Segundo especialistas e representantes do setor, a retração foi resultado da forte queda na demanda, na esteira das medidas de isolamento social tomadas para conter a pandemia. A recomposição do preço deve ganhar força apenas com o fortalecimento da campanha de vacinação, que ainda patina no Brasil.

 

Segundo levantamento da Anac, 9% das passagens aéreas foram vendidas, no ano passado, com tarifas abaixo de R$ 100 e 53% com valor inferior a R$ 300. Em 2019, o percentual de bilhetes de menos de R$ 100 representou 5,5% do total, enquanto 44,3% foi inferior a R$ 300.

 

“Só veremos uma recuperação de tíquete médio e da demanda na medida em que a vacinação se tornar um fato massificado”, disse o presidente da Associação Brasileira das Empresas Aéreas (Abear), Eduardo Sanovicz.

 

Ele lembrou que a demanda no mercado interno tem crescido, com ocupação das aeronaves perto de 80% hoje. “Mas o que vemos voltar até agora é o passageiro de lazer, que paga um bilhete menor. O passageiro de negócios ainda não voltou”, disse.

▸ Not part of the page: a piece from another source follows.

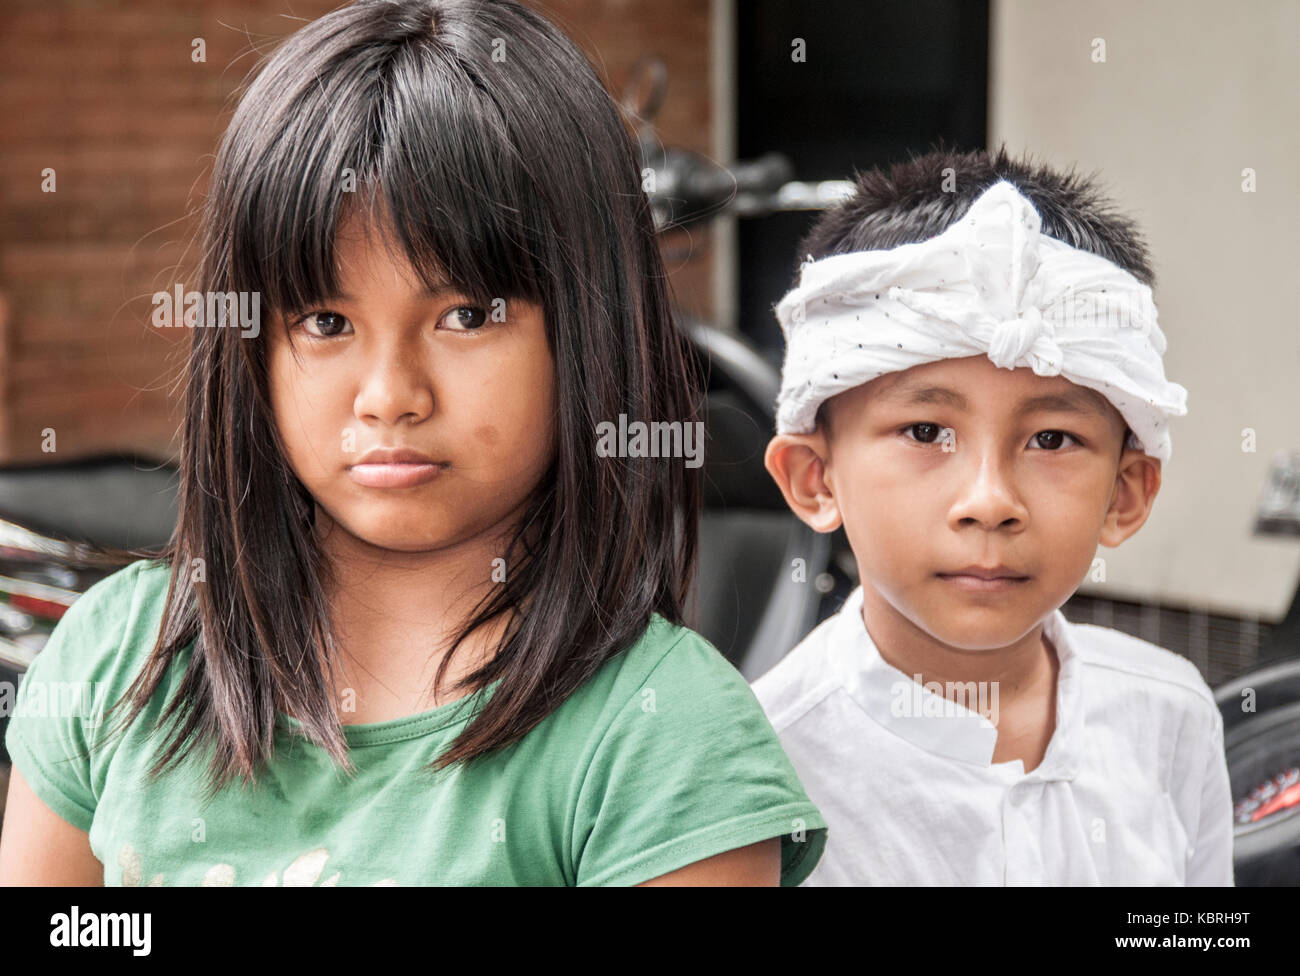 Balinese boy and girl watching a procession in Ubud, the island's cultural capital. The boy wears ceremonial costume. Stock Photo

A nova onda de contaminação por covid-19, com a volta de medidas de isolamento, tem segurado a retomada.

 

No quarto trimestre, a tarifa aérea doméstica apresentou retração de 8,3% sobre o mesmo período de 2019, vendida por R$ 412,90.

 

Em 2020, a Gol teve o menor valor médio praticado entre as principais empresas do mercado doméstico, de R$ 347,58 – recuo de 16,9% sobre o ano anterior. Em seguida, vieram a Latam, com valor médio de R$ 359,50 e redução de 13,4%, e a Azul, com R$ 436,90, 13,3% menos que um ano antes.

 

Sanovicz destacou ainda que, no lado dos custos, o setor continua em xeque. Hoje o câmbio é a linha no bloco de contas que traz mais desafios, afirmou. A moeda rege cerca de 50% das despesas das aéreas, como manutenção de aeronave, seguro e arrendamento.

 

Na média, a taxa de câmbio no quarto trimestre foi 31,1% superior ao mesmo período de 2019. Ontem, o dólar chegou a tocar os R$ 5,73. O avanço colocou o real como a divisa de pior desempenho do dia.

 

“O querosene de aviação no Brasil segue, em média, 40% mais caro do que o americano ou o europeu. O setor segue com desafios grandes pela frente. Há uma necessidade, uma obrigação, de ser extremamente disciplinado em reduzir custos”, acrescentou.

 

Durante a pandemia, o preço do petróleo caiu e trouxe certo alívio ao setor aéreo. O querosene de aviação, que corresponde a cerca de 30% dos custos e despesas operacionais das companhias, fechou o quarto trimestre de 2020 com preço médio 18,6% inferior ao verificado um ano antes. A retomada da atividade econômica, entretanto, tem sustentado a commodity neste início de ano, puxando junto os preços do combustível.

 

O advogado Ricardo Fenelon, ex-diretor da ANAC e fundador do escritório Fenelon Advogados, explicou que a conta para definir o preço das passagens é bastante complicada e envolve fatores como o petróleo e o dólar. “O cálculo é complexo, mas em 2020 o resultado foi simples. A variável demanda simplesmente sumiu”, disse. O desafio hoje das aéreas é conseguir administrar uma capacidade muito superior à demanda dos clientes. Fenelon observou que enquanto os bilhetes estão mais baratos, o componente custo tem pesado no bolso das empresas.

 

Por causa da pandemia, a oferta de voos no Brasil em abril de 2020 chegou a representar 8% do registrado em igual mês de 2019. No acumulado do ano, em comparação com 2019, a oferta apresentou retração de 47% no mercado doméstico. O total de passageiros transportados caiu 52,5% – menor patamar desde 2006, segundo a Anac.